Jacob and Rock looked at each other.  “We hadn’t really gotten past the phones and coffee cups,” Jacob said.

“It was my idea to put whiskey in the cups,” Rock said, beaming with pride.

“That’s why you’re the campaign manager,” Jacob said as the two fist bumped.

“Do you have anything?  A slogan, a platform?”

“Yes.  I came up with a slogan this morning,” Jacob said excitedly.  He paused for dramatic effect.  “Hillary…is Hitler.”

Lucy stared at him for a few, long, moments.  “Hitler?”

“Brilliant, isn’t it?” Jacob said, failing to pick up on Lucy’s not so subtle body language.  “It’s alliterative, and people don’t like Hitler.  If I compare the two of them, people won’t like her.”

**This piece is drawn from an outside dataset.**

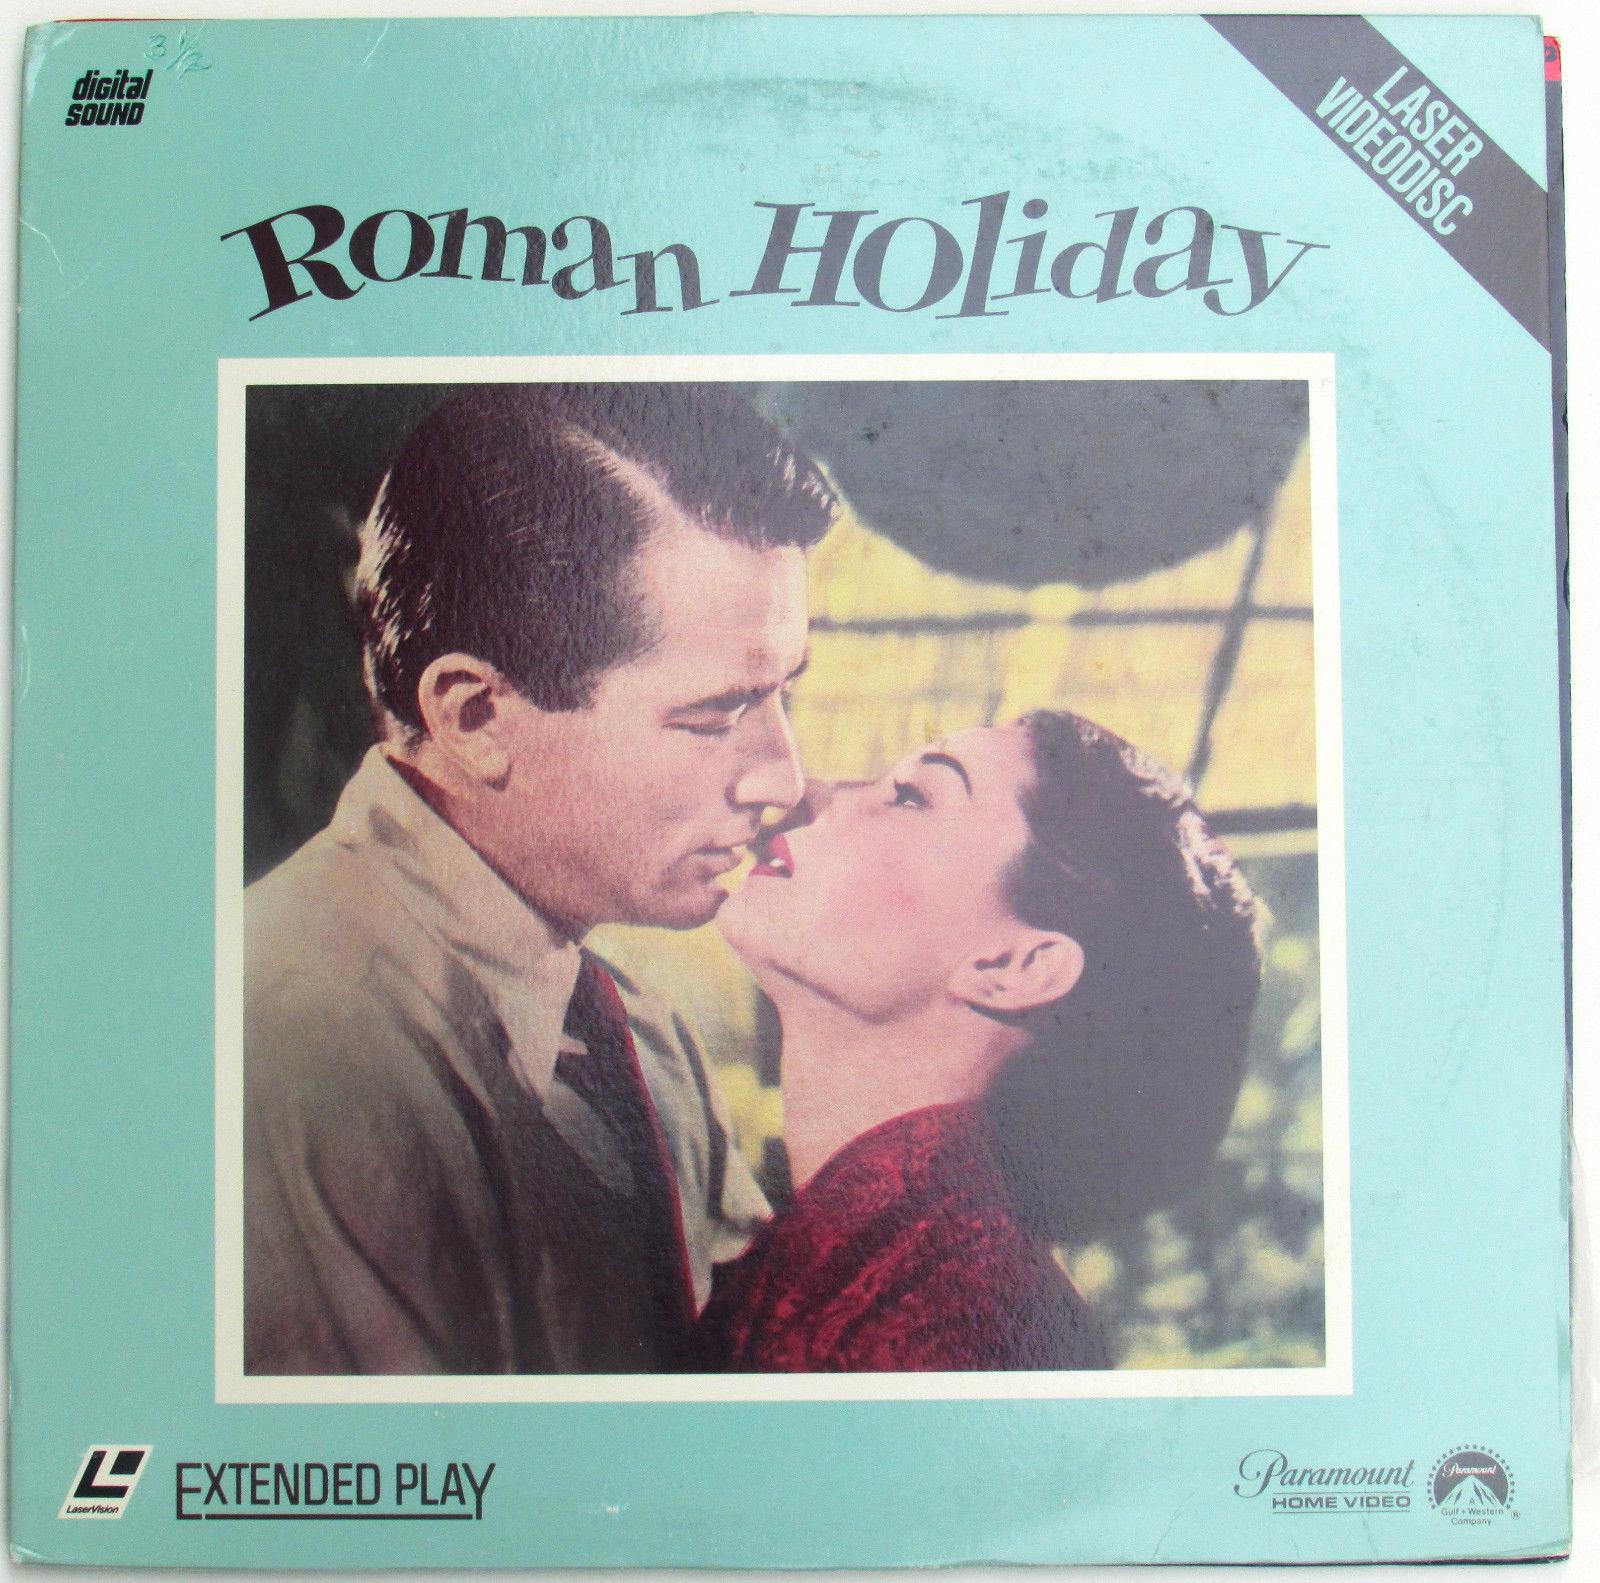 Roman holiday on laserdisc starring gregory peck audrey hepburn

“Yeah…I’m not sure comparing someone to Hitler is the way to go.”

“You think people like Hitler?”

“I think it just makes you look crazy.”


“You know what, let’s just table the Hitler conversation for now.  Let’s take this step by step, alright?” Lucy said, clapping her hands.  “So, step one is?”

Jacob shrugged.  “If you’re scrapping Hitler comparisons, I’m at a loss.  That was kind of the one thing we had going for us.”

“Right.  Step one, give everyone back their phones.  Think you two can manage that?”

“Maybe.  I think we can,” Jacob said slowly.  “Except for David.  He’s a dick.  Fuck him and fuck his phone.”

“Right, so give me David’s phone.  I’ll give it to him,” Lucy said.  “Then step two, I want you two to clean up the coffee cups in here.”

“Whiskey cups.”

“Whatever cups.  Just get rid of them.  Alright?”

Jacob and Rock sighed.  “Fine.”

“Good.  Then after that, take the rest of the day and look for a proper office.  Hell, take the week.  Whatever,” Lucy said.  “Just find some place that isn’t here, isn’t company property, and get your office set up.”

“Okay, then what?” Jacob asked.

“Baby steps, Jacob.  Just focus on what I’ve laid out before you.  Once you manage to get all this taken care of, tell me.  We’ll take it from there.”